Potential solutions to consider
Although you could not limit yourselves to the following list of broad considerations for solutions, here is a list of what I internally debated to resolve the situation.
Neural-Network pre-qualifier: Train a neural-network for each ids list that accepts another list of ids to score its intersection potential (0 means definitely no intersection, 1 means definitely there is an intersection). Since neural networks are good and efficient at pattern recognition, I am thinking of pre-qualifying a more time-consuming algorithm behind it.
Assembly-language: On a Linux server, code an assembly module that does such algorithm. I know that assembly is a mess to maintain and code, but sometimes one need the speed of an highly optimized algorithm without the overhead of a higher-level compiler. Maybe this use-case is simple enough to benefit from an assembly language routine to be executed directly on the Linux server (and then I'd always pay attention to stick with the same processor to avoid having to re-write this too often)? Or, alternately, maybe C would be close enough to assembly to produce clean and optimized assembly code without the overhead to maintain assembly code.
Images and GPU: GPU and image processing could be used and instead of comparing ids, I could BITAND images. That is, I create a B&W image of each ids list. Since each id have unique values between -100,000,000 and +100,000,000 (where a maximum of 56,000,000 of them are used), the image would be mostly black, but the pixel would become white if the corresponding id is set. Then, instead of keeping the list of ids, I'd keep the images, and do a BITAND operation on both images to intersect them. This may be fast indeed, but then to translate the resulting image back to ids may be the bottleneck. Also, each image could be significantly large (maybe too large for this to be a viable solution). An estimate of a 200,000,000 bits sequence is 23MB each, just loading this in memory is quite demanding.

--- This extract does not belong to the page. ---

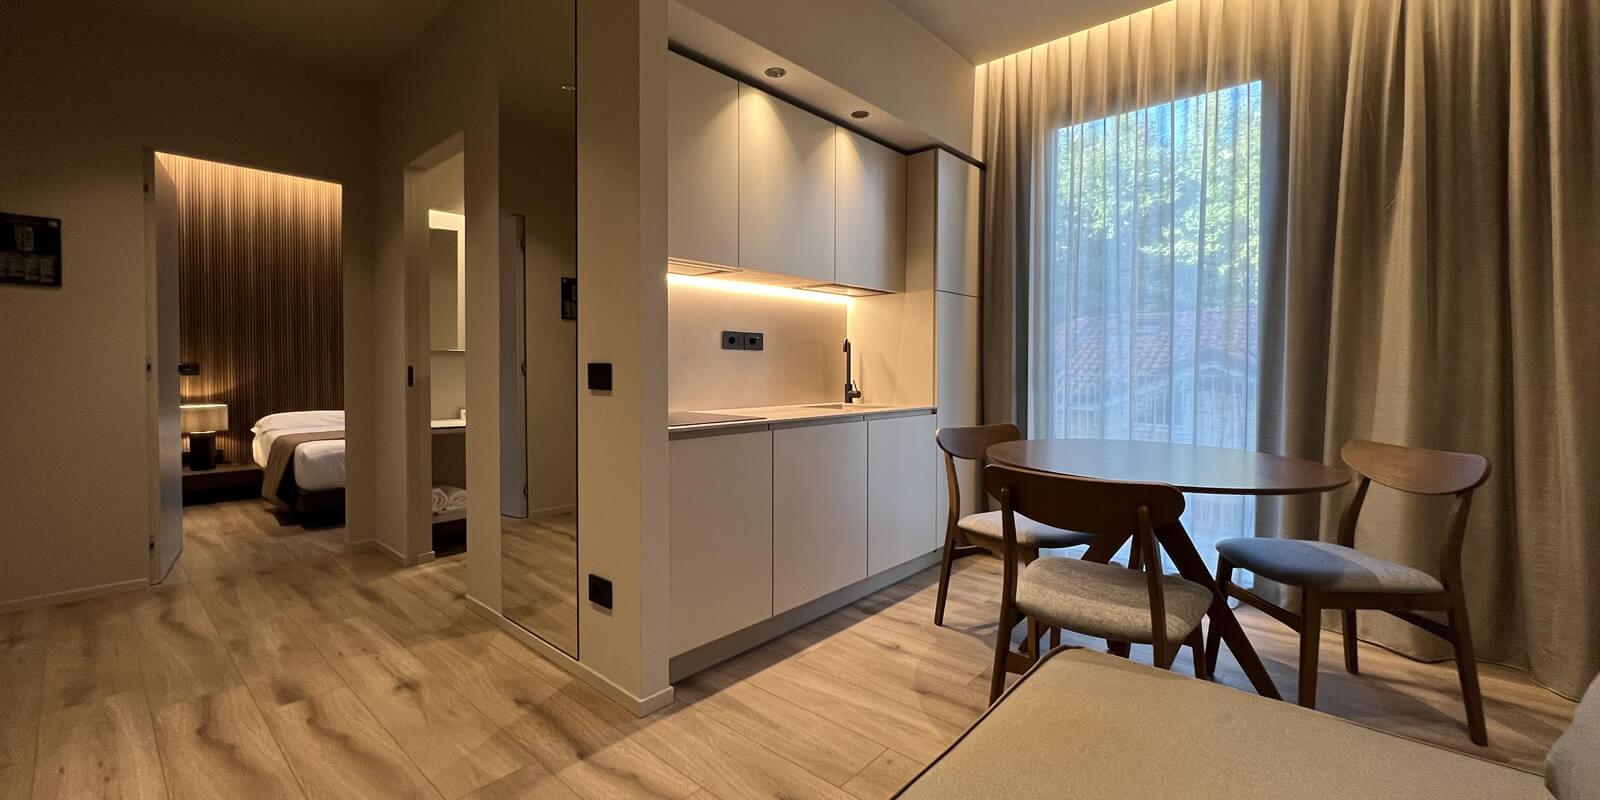 Moderno appartamento con cucina, sala da pranzo e camera da letto separata.
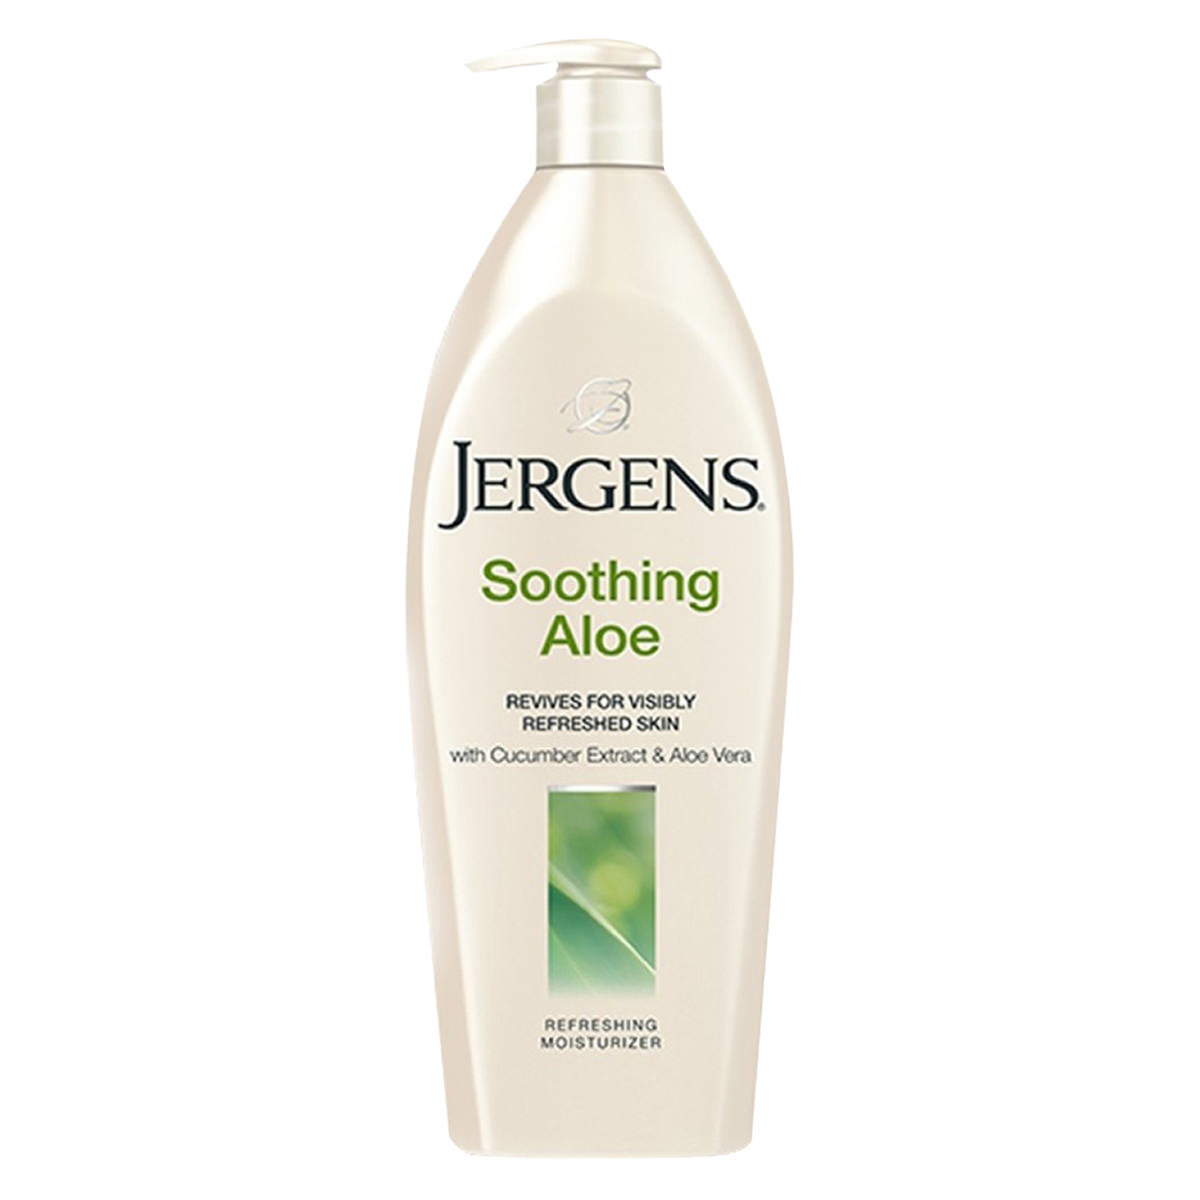 Jergens-Soothing-Aloe-Refreshing-Moisturizer-sfw(1)

String-matching algorithms: String comparisons have many adapted algorithms that are typically extremely efficient at their task. Create a binary file for each ids set. Each id would be 4 bytes long. The corresponding binary file would have each and every id sequenced as their 4 bytes equivalent into it. The algorithm could then be to process the smallest file to match each 4 bytes sequence as a string into the other file.
Am I missing anything? Any other potential solution? Could any of these approaches be worth diving into them?
I did not yet try anything as I want to secure a strategy before I invest what I believe will be a significant amount of time into this.
EDIT #1:
Could the solution be a map of hashes for each sector in the list? If the information is structured in such a way that each id resides within its corresponding hash key, then, the smaller of the ids set could be sequentially ran and matching the id into the larger ids set first would require hashing the value to match, and then sequentially matching of the corresponding ids into that key match?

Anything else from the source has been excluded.